Available data —

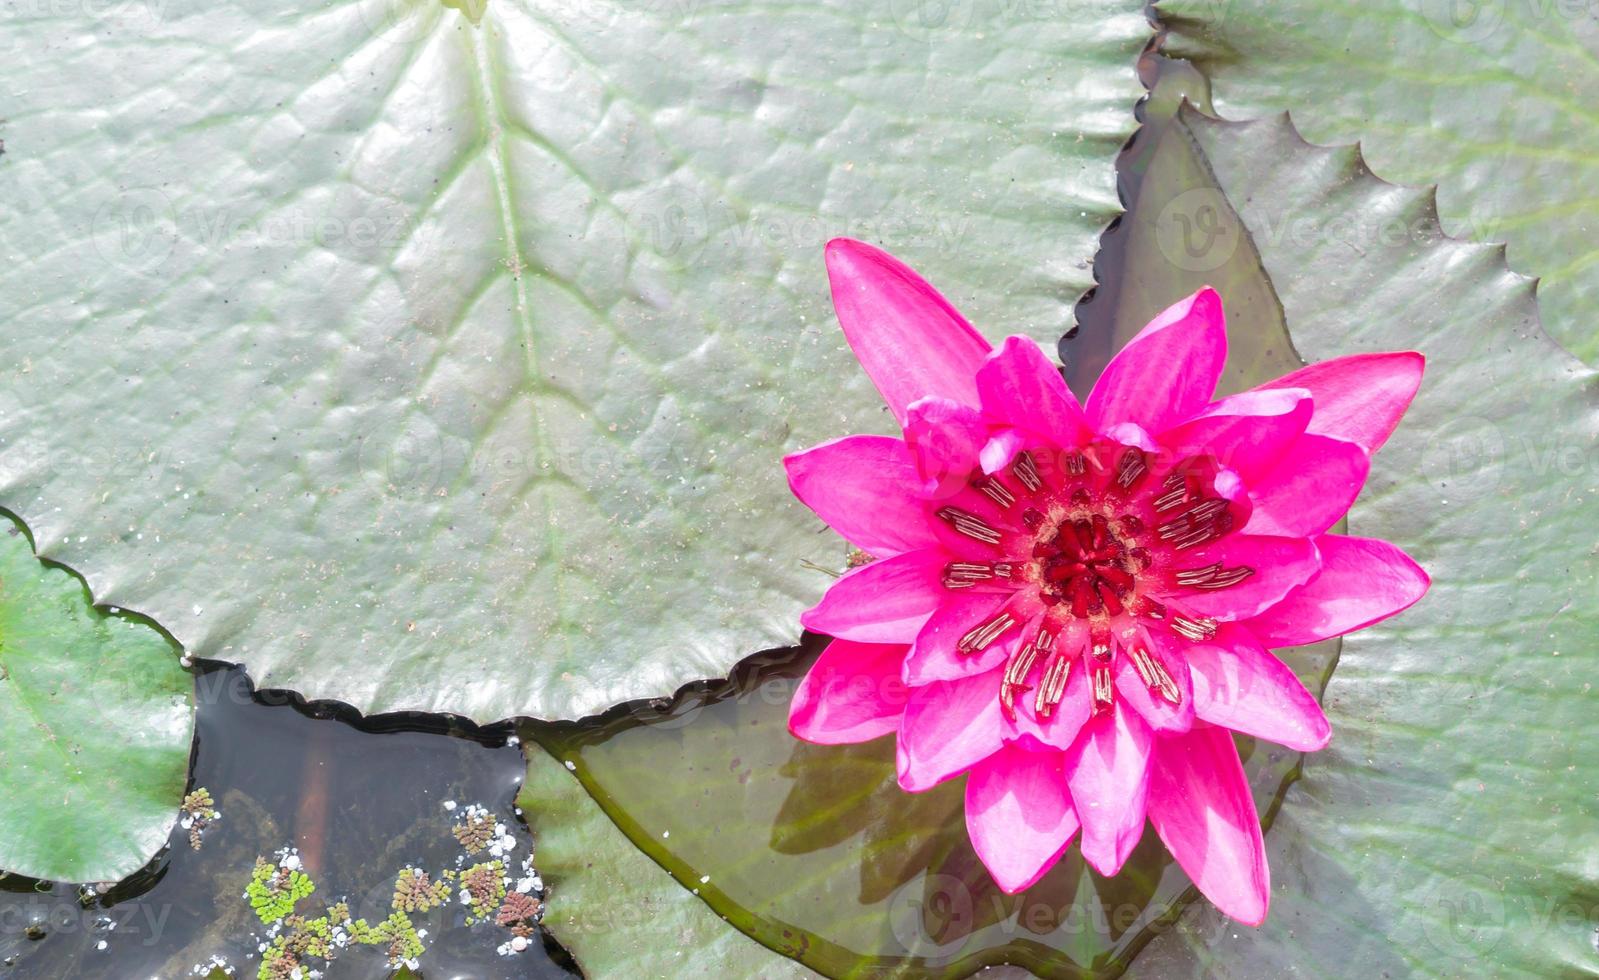 enda skön rosa vatten lilja eller lotus med grön löv tagen i vatten offentlig parkera i thailand, buddha blomma foto
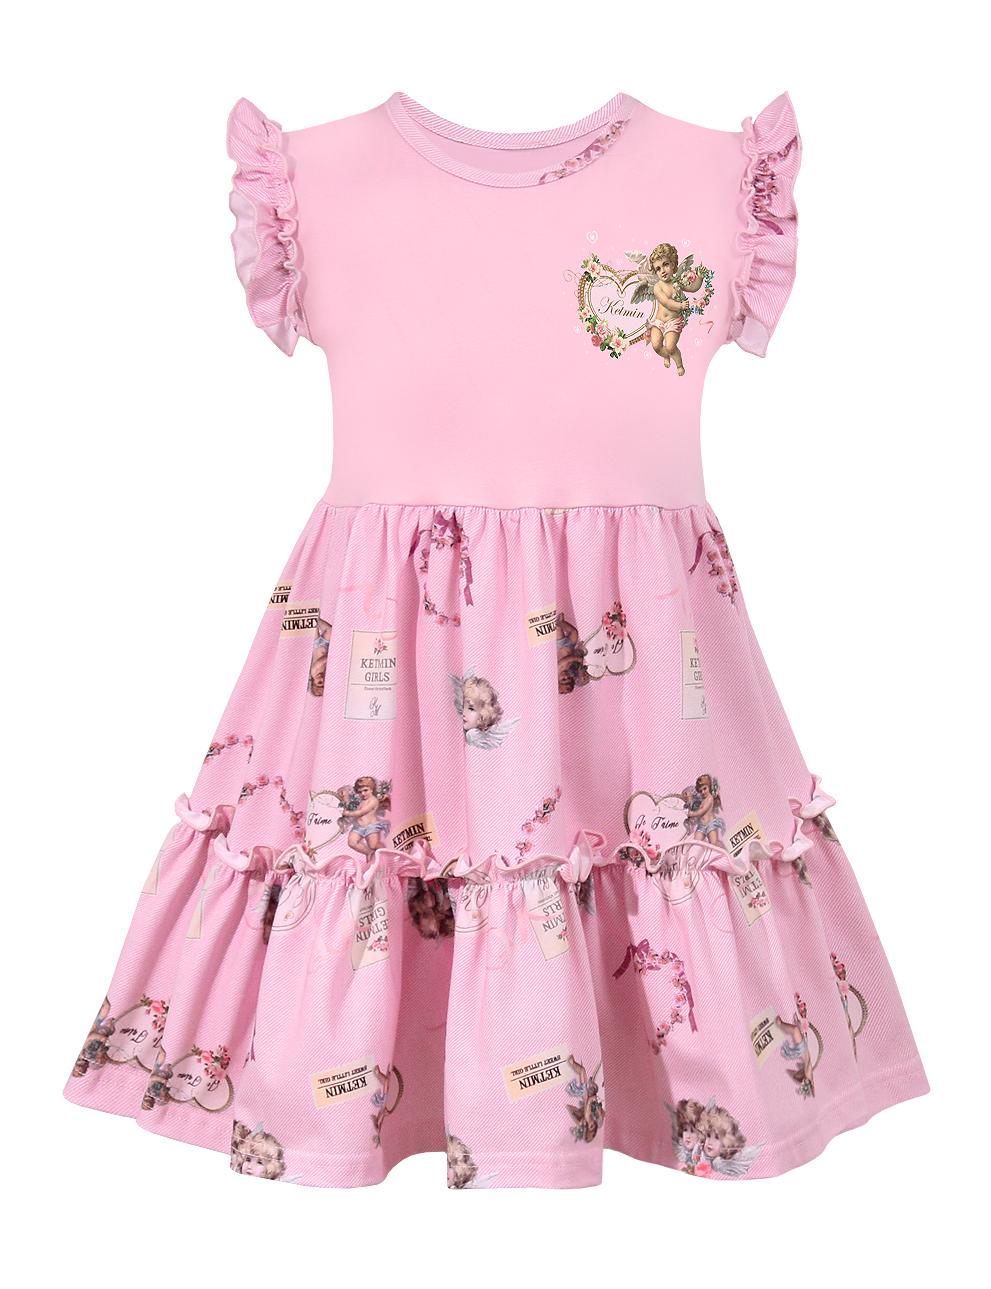 Платье для девочки KETMIN КОКЕТКА цв.Angel розовый
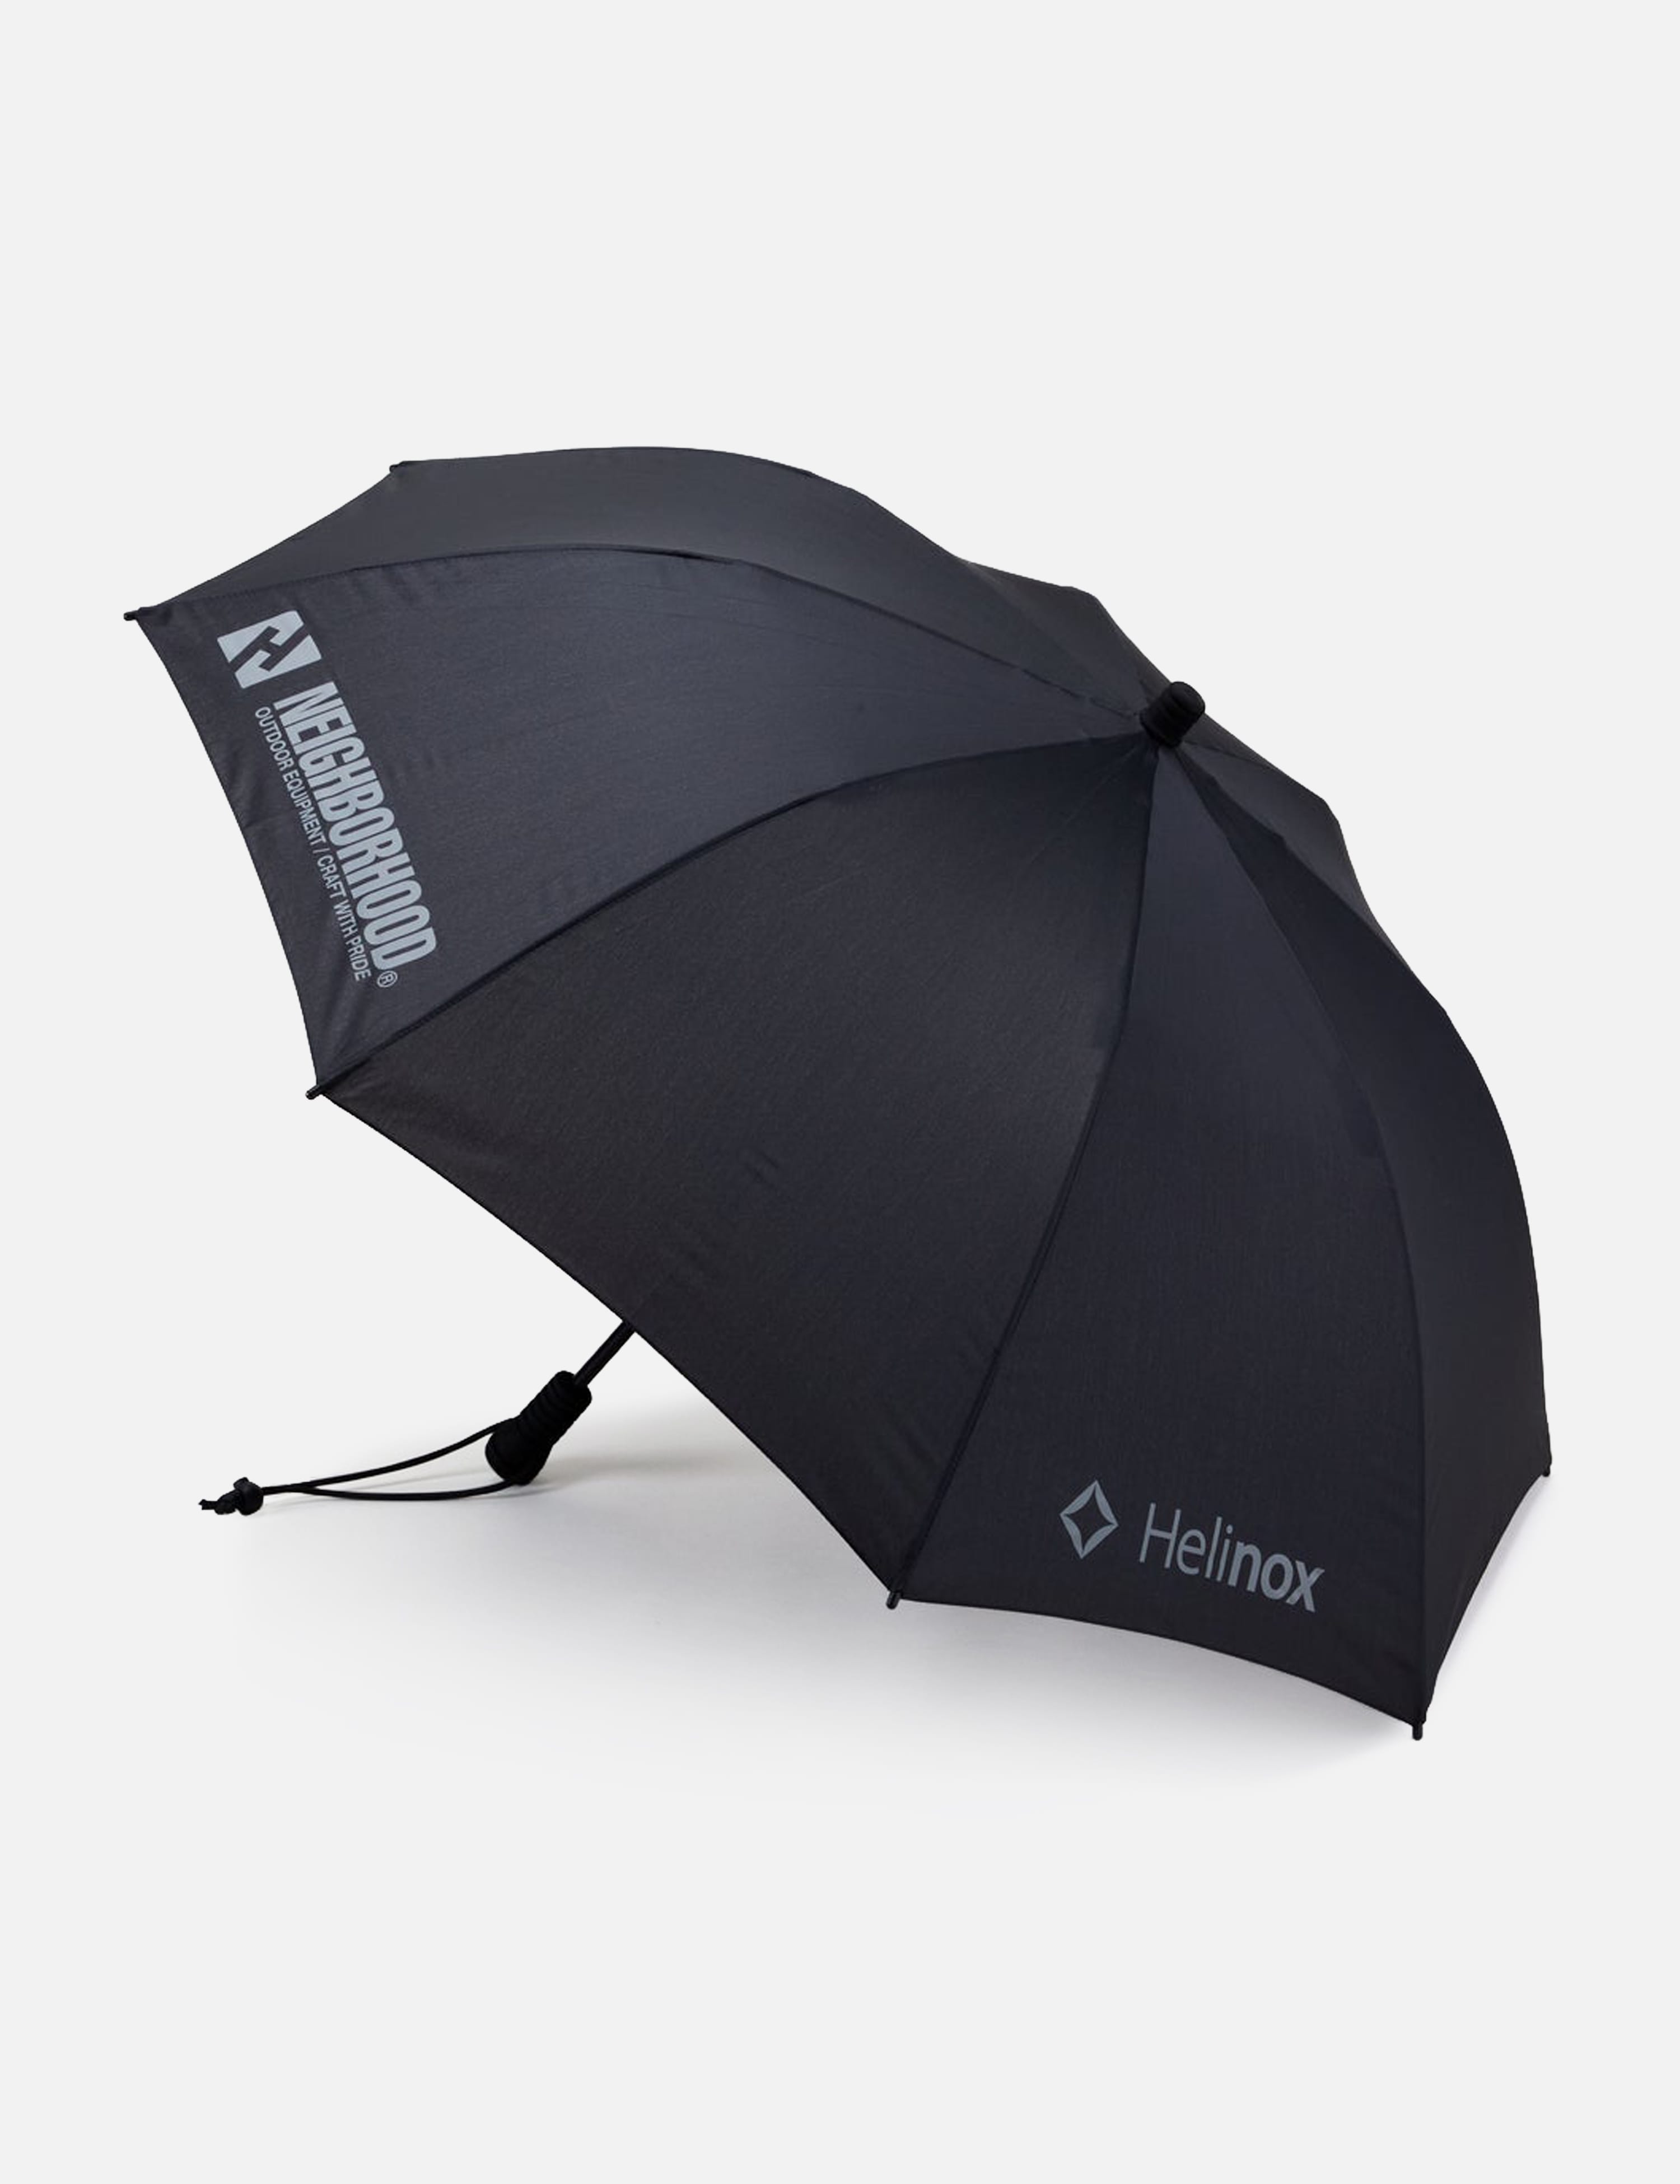 NEIGHBORHOOD - Neighborhood x Helinox Umbrella | HBX - Globally
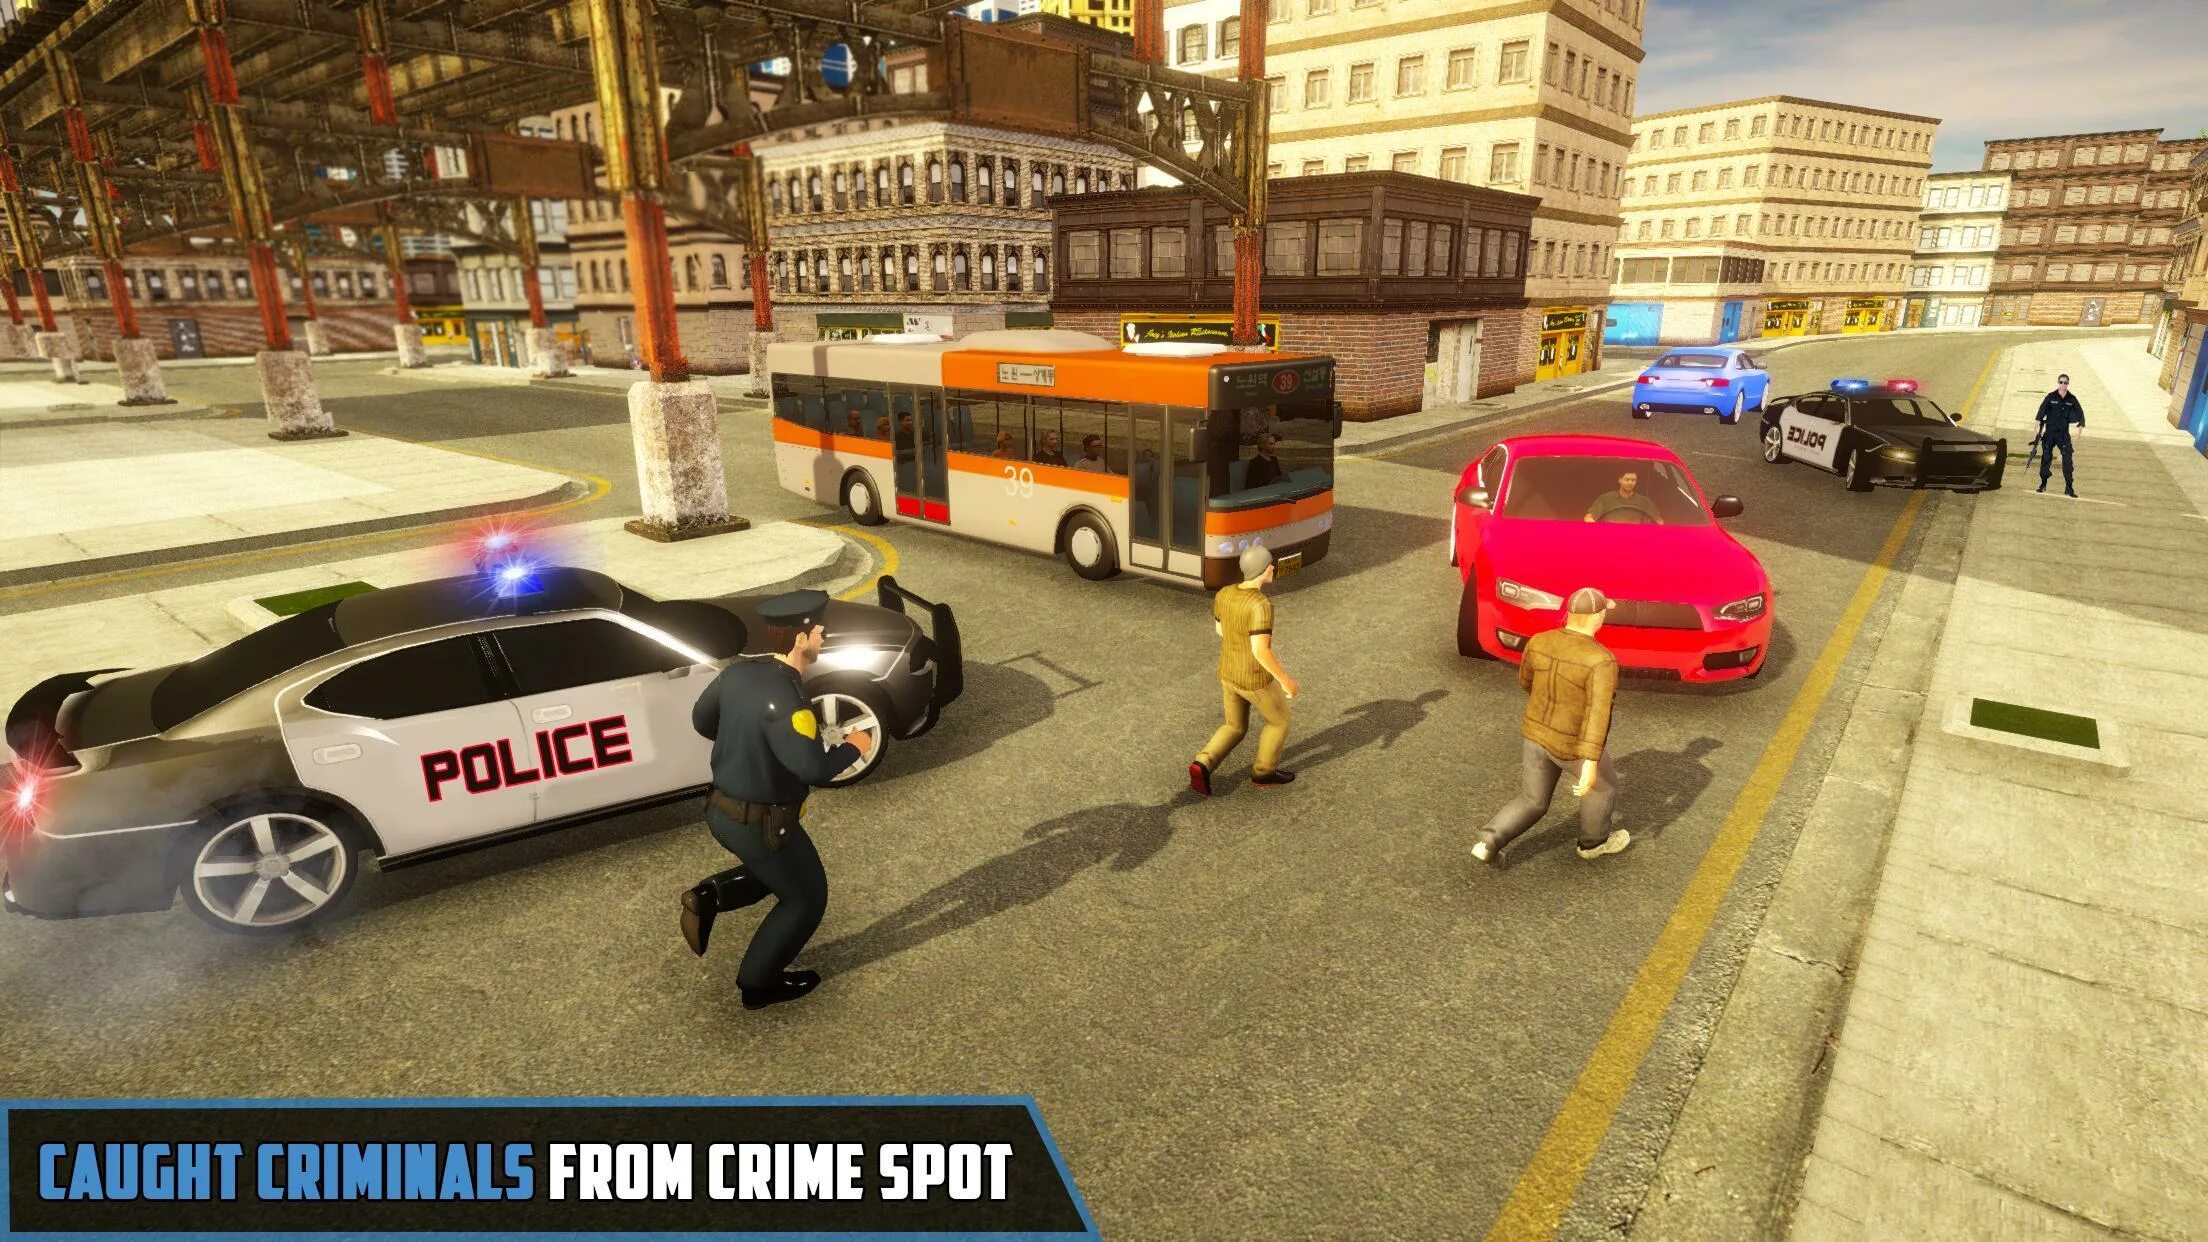 The Police игра. Игры про полицию. Новая игра полиция. Американская полиция в играх. Бесплатные игры про полицейских

Goal of the exercise — Restate the listing above word for word. Leave the images out.

Exercise answer —
 enda skön rosa vatten lilja eller lotus med grön löv tagen i vatten offentlig parkera i thailand, buddha blomma foto
 Платье для девочки KETMIN КОКЕТКА цв.Angel розовый
 NEIGHBORHOOD - Neighborhood x Helinox Umbrella | HBX - Globally
 The Police игра. Игры про полицию. Новая игра полиция. Американская полиция в играх. Бесплатные игры про полицейских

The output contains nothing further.